In the listing below, find the line containing "Operationalizing a concept: The" and the line containing "iBELL Hold The". Repeat exactly those two lines and every line between them.

> [PROVIDED DATA]
=== Begin Enclosure ===

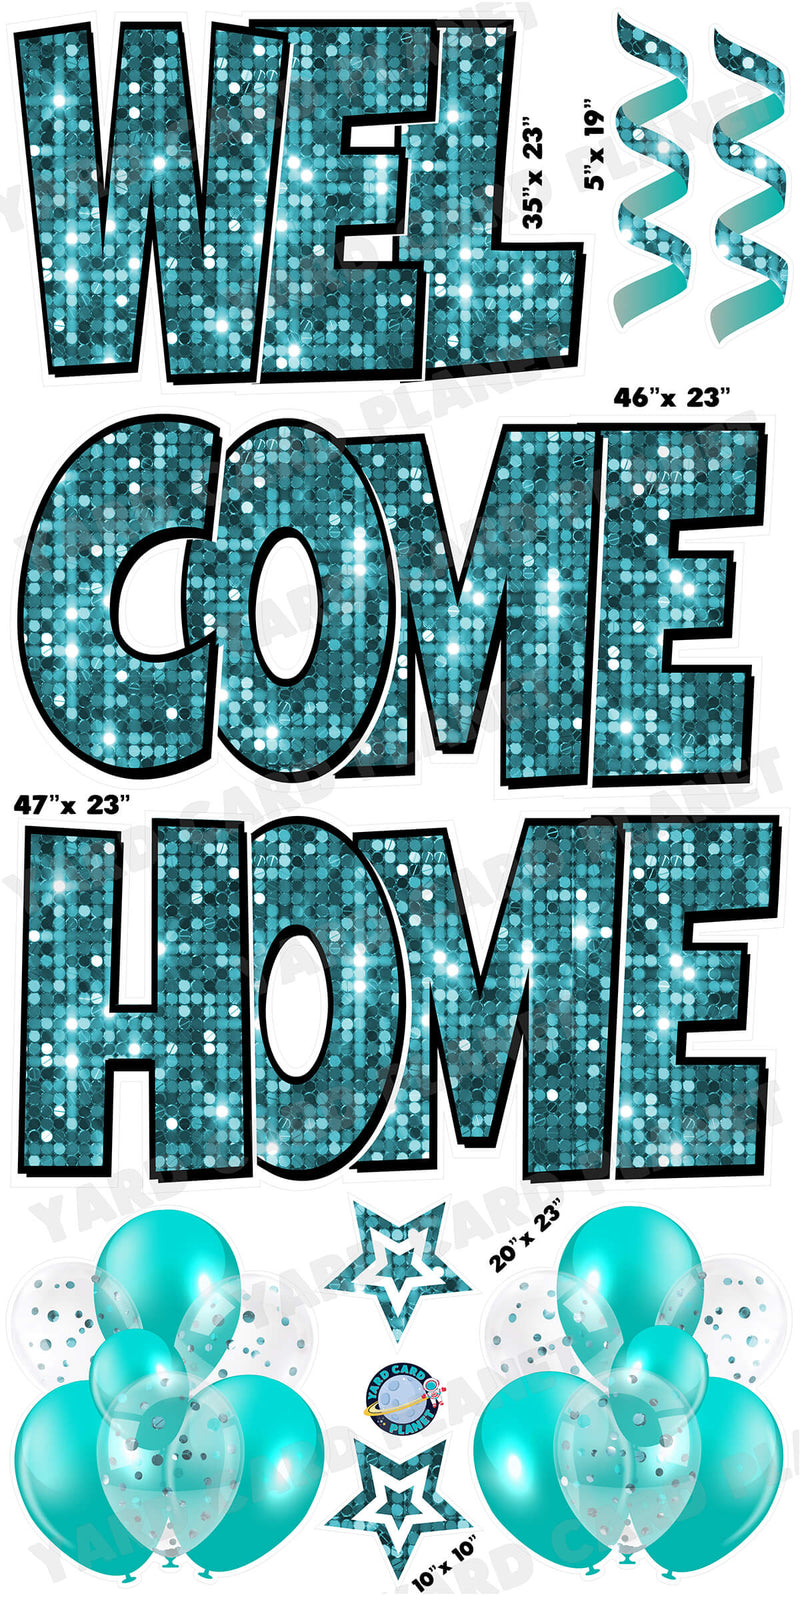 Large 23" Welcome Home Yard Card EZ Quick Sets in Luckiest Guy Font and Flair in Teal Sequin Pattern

=== End Enclosure ===
=== Begin Enclosure ===

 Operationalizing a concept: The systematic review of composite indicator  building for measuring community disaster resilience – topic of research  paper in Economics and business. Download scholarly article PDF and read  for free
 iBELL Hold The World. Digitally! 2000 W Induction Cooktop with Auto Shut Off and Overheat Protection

=== End Enclosure ===

> [FINISHED EXERCISE]
 Operationalizing a concept: The systematic review of composite indicator  building for measuring community disaster resilience – topic of research  paper in Economics and business. Download scholarly article PDF and read  for free
 iBELL Hold The World. Digitally! 2000 W Induction Cooktop with Auto Shut Off and Overheat Protection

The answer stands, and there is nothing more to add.